Updated Jun 30, 2026

Build a URL Shortener (Python)

You've pasted one of those monstrous URLs into a chat before - the kind with forty characters of tracking junk after the actual address. Then someone sends you a tidy little short.ly/aZ4 instead, and it lands you at the same place. That tidy link is a URL shortener at work, and you're about to build one.

This is a build-along. By the last phase you'll have a small Python program that takes any long URL, hands you back a short code, and resolves that code back to the original - the same core trick TinyURL and Bitly run on, minus the servers and the marketing.

What you'll build

A URL shortener with three moving parts:

  • A store that remembers which short code points to which long URL.
  • A code generator that turns a counter into a compact, URL-safe string like b or Cx.
  • Two functions - shorten() and resolve() - that tie it together: give it a long URL, get a short code; give it the code, get the URL back.

We'll finish with a tiny command loop so you can type URLs at it and watch it answer, plus a clear list of where to take it next.

The stack

Plain Python, standard library only. No frameworks, no database, no pip install. The whole thing fits in one file and lives in memory while it runs. That's deliberate - the point is to see the mechanism naked, with nothing hiding it.

This runs in your browser

Every code block in this project has a Run button. You don't install anything, you don't open a terminal - you read a few lines, press Run, and see the output right there on the page. Each block is self-contained, so you can run them in any order and re-run them as much as you like.
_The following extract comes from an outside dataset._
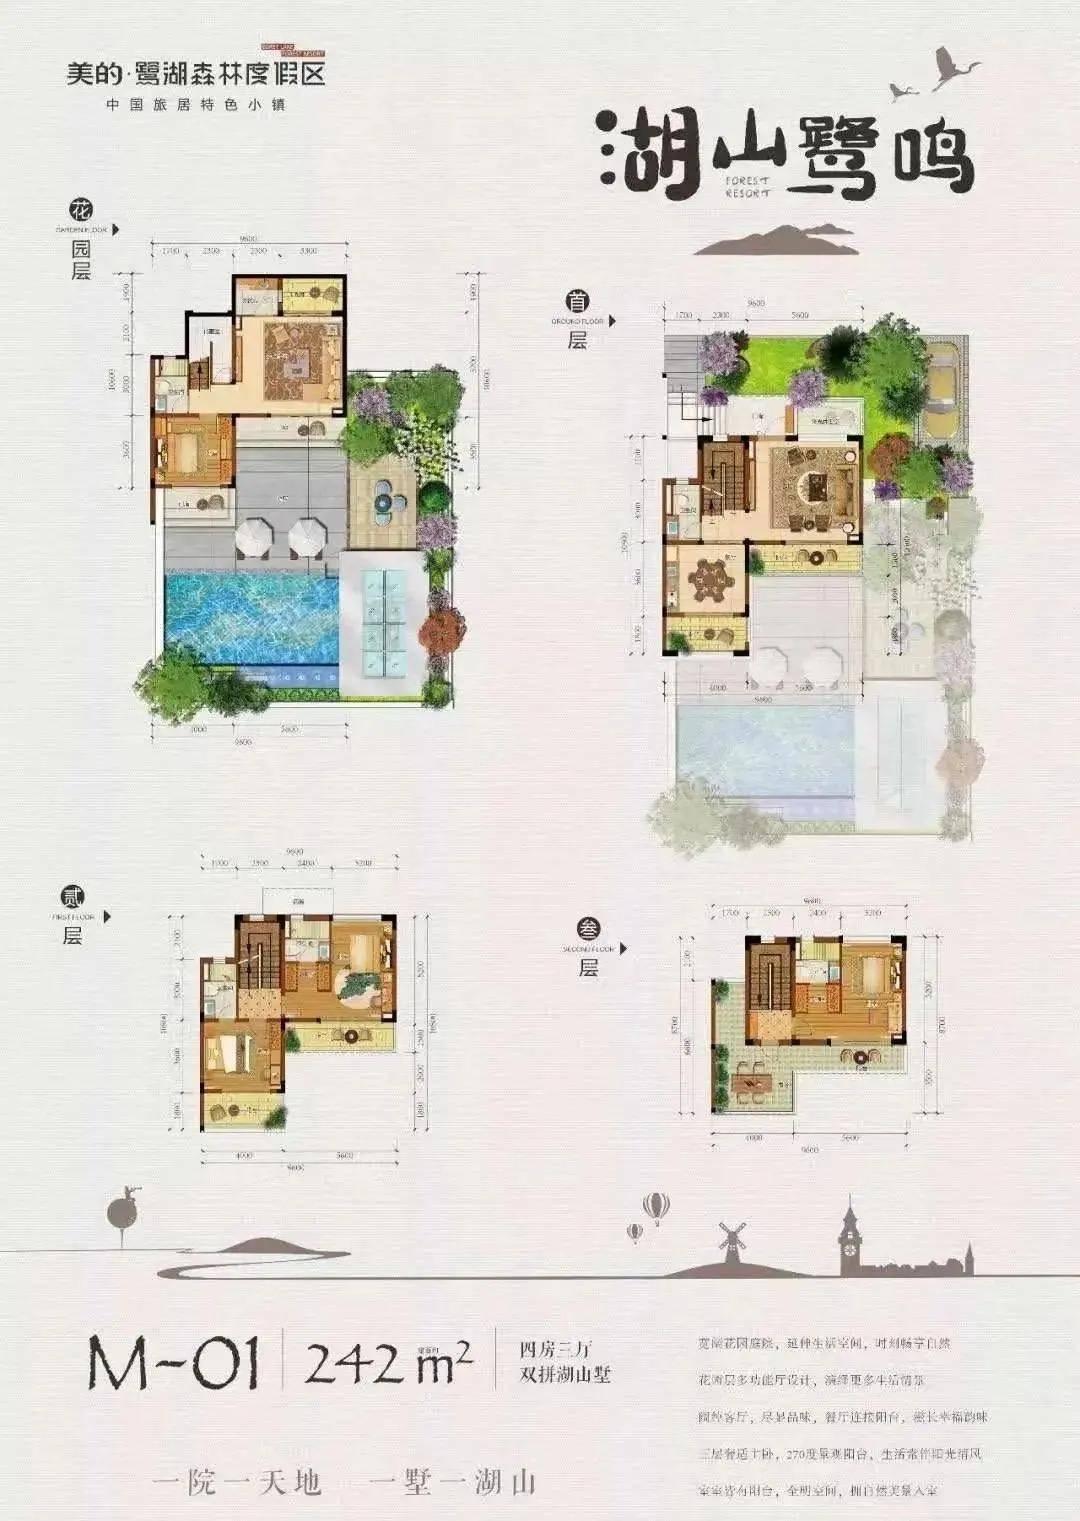 美的鹭湖国家5A级景区建的别墅总价230万起,独栋500万起

When you're ready to take it off the page and onto your own machine, the last phase shows you exactly how.

Rough time

About 45 minutes to an hour if you run every block and read along. Less if you're quick; more if you stop to poke at the code, which I'd encourage.

What you'll learn

  • How a lookup table (a dictionary) becomes the heart of a real service.
  • Base62 encoding - how to squeeze a plain number into a short string of letters and digits, and why that's how short codes stay short.
  • Why a sequential counter beats random codes for a first version.
  • How to handle the awkward cases: an unknown code, the same URL submitted twice.
  • How to wrap working logic in a small interface people can actually use.

How the phases fit together

graph LR
  A[Phase 1: data model] --> B[Phase 2: short codes]
  B --> C[Phase 3: shorten + resolve]
  C --> D[Phase 4: CLI + next steps]

Each phase ends with a working piece. By the end they're one program. Let's start with the simplest version of the idea that still earns the name.